Further stated more specifically, the orientation control layer is made of titanium. With this specific construction, the lattice constant of titanium is approximately the same as that of aluminum or aluminum-copper alloy, hence the lattices are in good conformity. The conductive layer of aluminum or aluminum-copper alloy can therefore be further improved in orientation.

According to another specific construction, the orientation control layer is at least 15 nm to not larger than 20 nm in thickness. Since the orientation control layer then has satisfactory orientation, the conductive layer is also oriented satisfactorily and is thereby given an improved strength. The improved orientation reduces the area of grain boundaries between the crystal grains.

Stated more specifically, the orientation control layer is 17 nm in thickness. The thin orientation control layer is unlikely to give an increased resistivity to the electrode.

The present invention further provides another surface acoustic wave device comprising an electrode made of a thin metal film and formed on a piezoelectric substrate. The electrode comprising an orientation control layer formed on a surface of the piezoelectric substrate, and an electrically conductive layer formed on a surface of the orientation control layer, the orientation control layer being formed from a material capable of improving the orientation of the conductive layer, the conductive layer being made of an electrode material represented by the formula M_xV_yA_z wherein M is aluminum or an aluminum-copper alloy, V is vanadium, A is palladium or platinum, wherein x, y, and z equal 100 wt. %, y is at least 0.10 wt. % to not greater than 0.2 wt. %, and z is equal to or not greater than 2.0 wt. %. The composition of the conductive layer gives improved durability to the electrode, while the increase in internal loss is very small. Since the conductive layer is oriented by the orientation control layer, the conductive layer is given an improved strength, and the area of grain boundaries is reduced, giving outstanding durability to the electrode.

Thus, the invention provides a surface acoustic wave device wherein the electrode has high durability and which is minimized in the increase of internal loss.

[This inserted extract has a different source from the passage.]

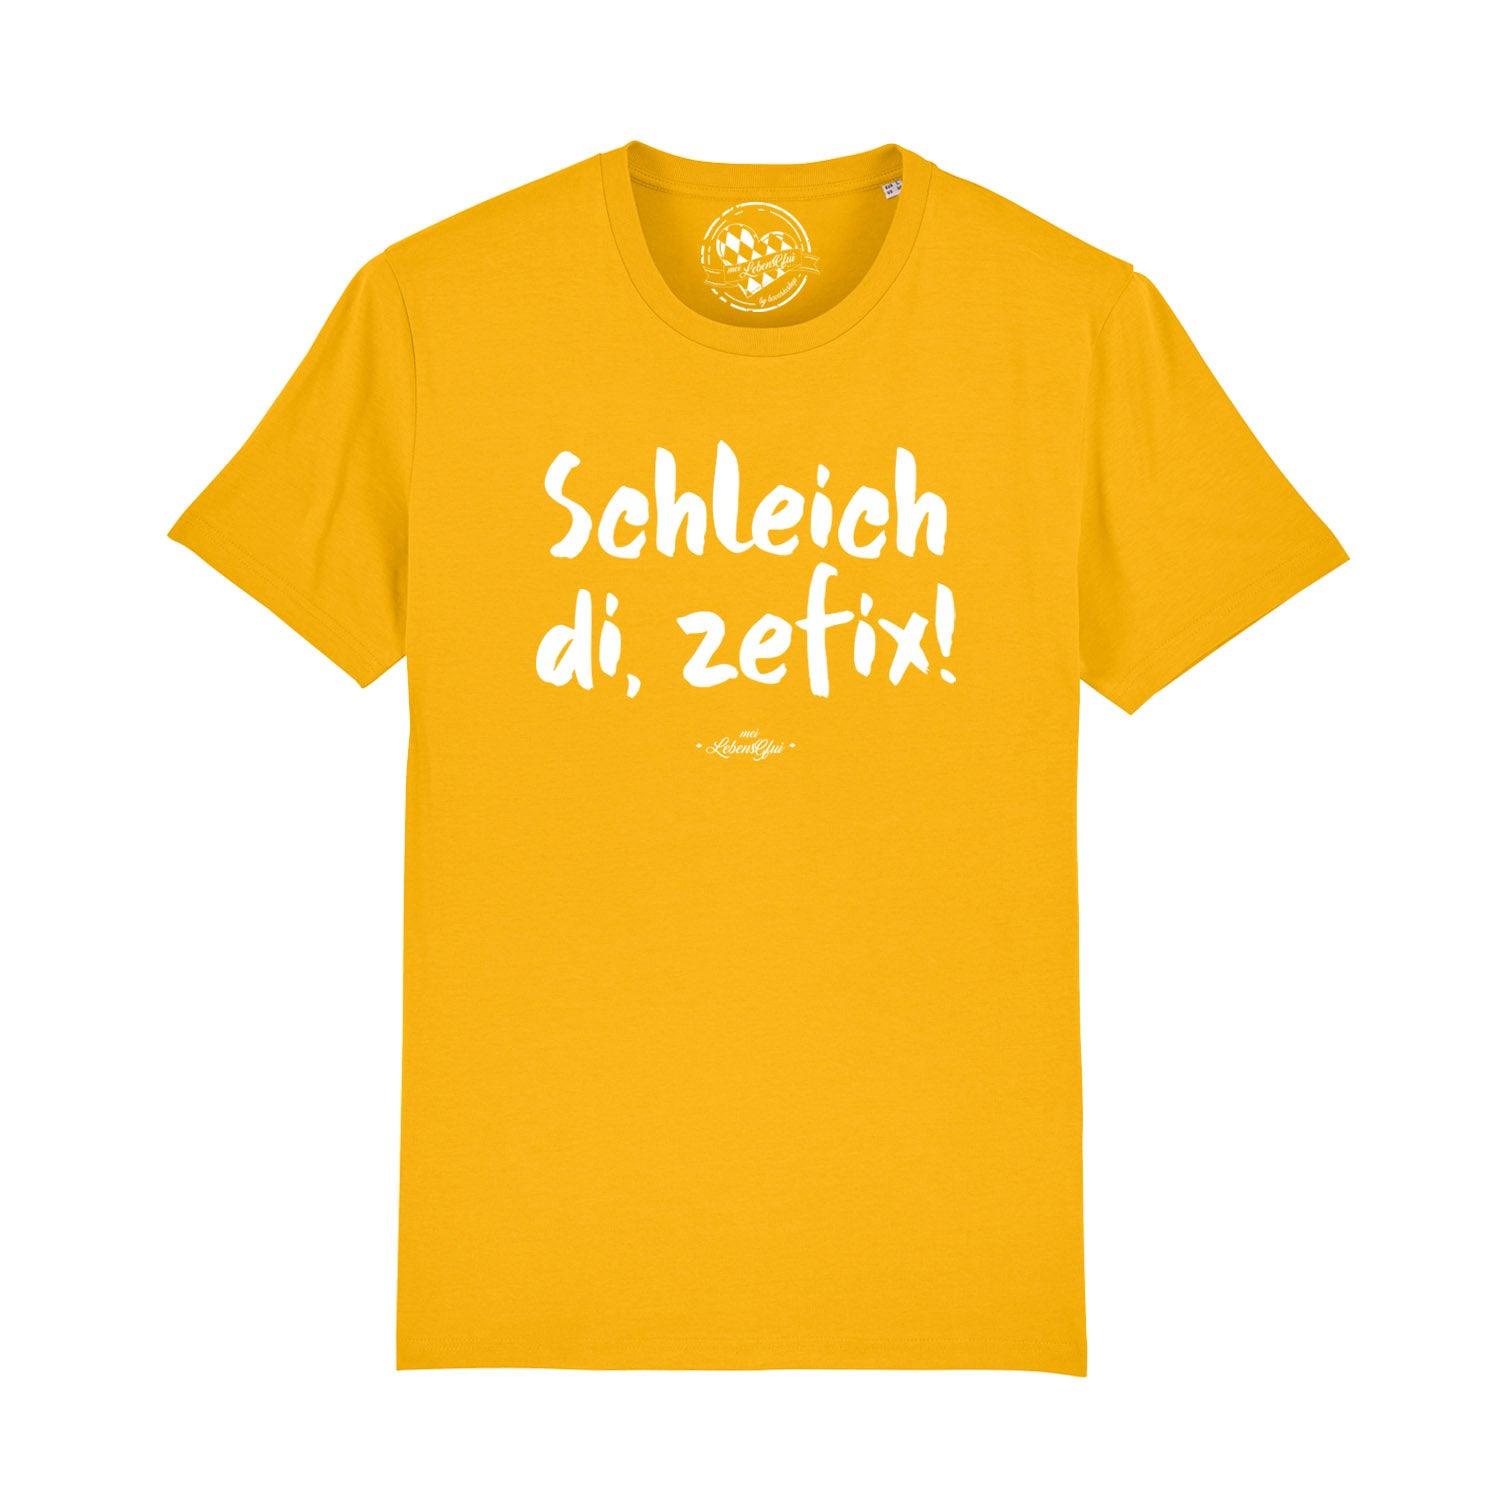 Herren T-Shirt "Schleich di, zefix!" - bavariashop - mei LebensGfui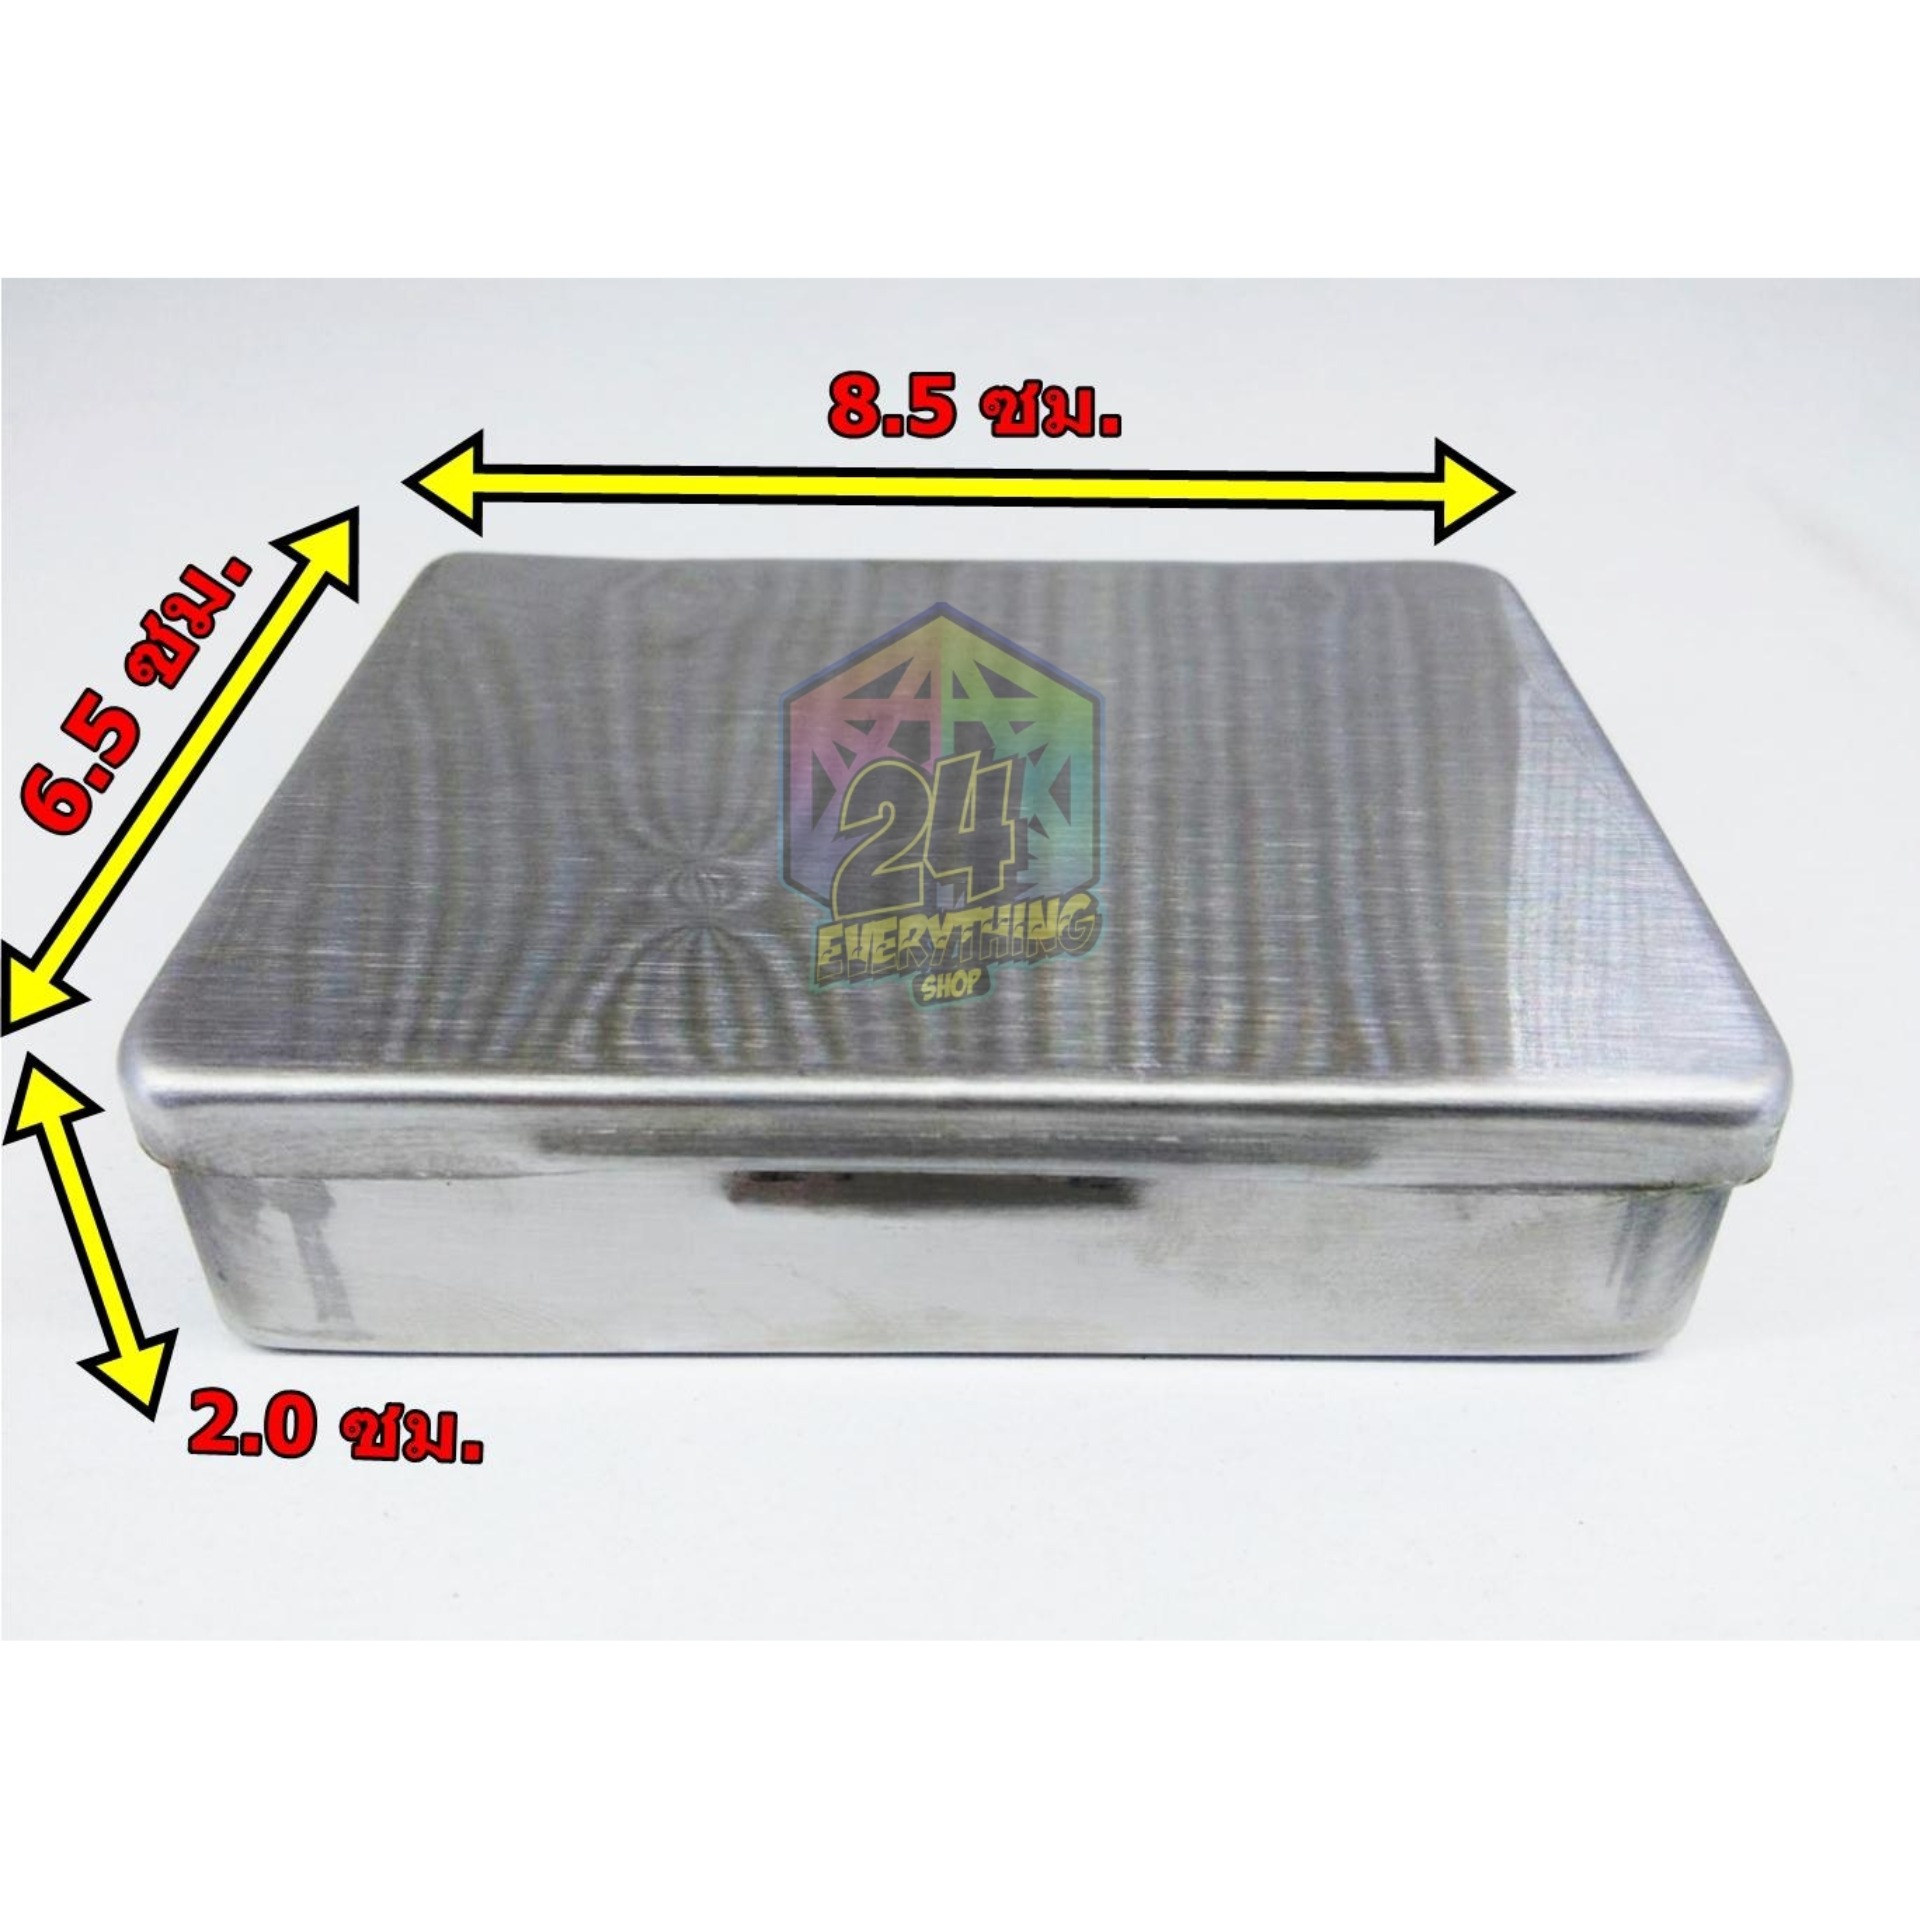 กล่องสแตนเลส โมเดล 9 แบบหนา /กล่องใส่พระ/กล่องใส่เหรียญ/กล่องใส่ดินสอ ขนาด 6.5 x 8.5 x 2.0 ซม. (สีเงิน)

BRIEF DESCRIPTION OF THE DRAWINGS

FIG. 1 is a graph showing the result of Experiment 1;

FIG. 2 is a graph showing the result of Experiment 2;

FIG. 3 is a graph showing the result of Experiment 3;

FIG. 4 is a graph showing the result of Experiment 4;

FIG. 5 is a graph showing the result of Experiment 5;

FIG. 6 is a view showing an electrode of a surface acoustic wave device of the invention in section along the direction of thickness thereof;

FIG. 7 is a view showing an electrode of another surface acoustic wave device of the invention in section along the direction of thickness thereof;

FIG. 8 is a plan view of a conventional surface acoustic wave device; and

FIG. 9 is a view showing an electrode of the surface acoustic wave device in section along the direction of thickness thereof.

DETAILED DESCRIPTION OF EMBODIMENTS

Embodiments of the present invention will be described below with reference to the drawings.

[First Embodiment]

Like the conventional surface acoustic wave device shown in FIG. 8, the surface acoustic wave device of this embodiment comprises a plurality of electrodes arranged on the surface of a piezoelectric substrate to provide a pair of interdigital electrodes thereon. Latticelike reflectors are arranged on opposite sides of the pair of interdigital electrodes. A pair of input pads and a pair of output pads are connected to the respective interdigital electrodes. Each of the electrodes is made of an aluminum alloy represented by the formula Al_xV_y , wherein x and y equal 100 wt. %, y is 0.15 wt. %.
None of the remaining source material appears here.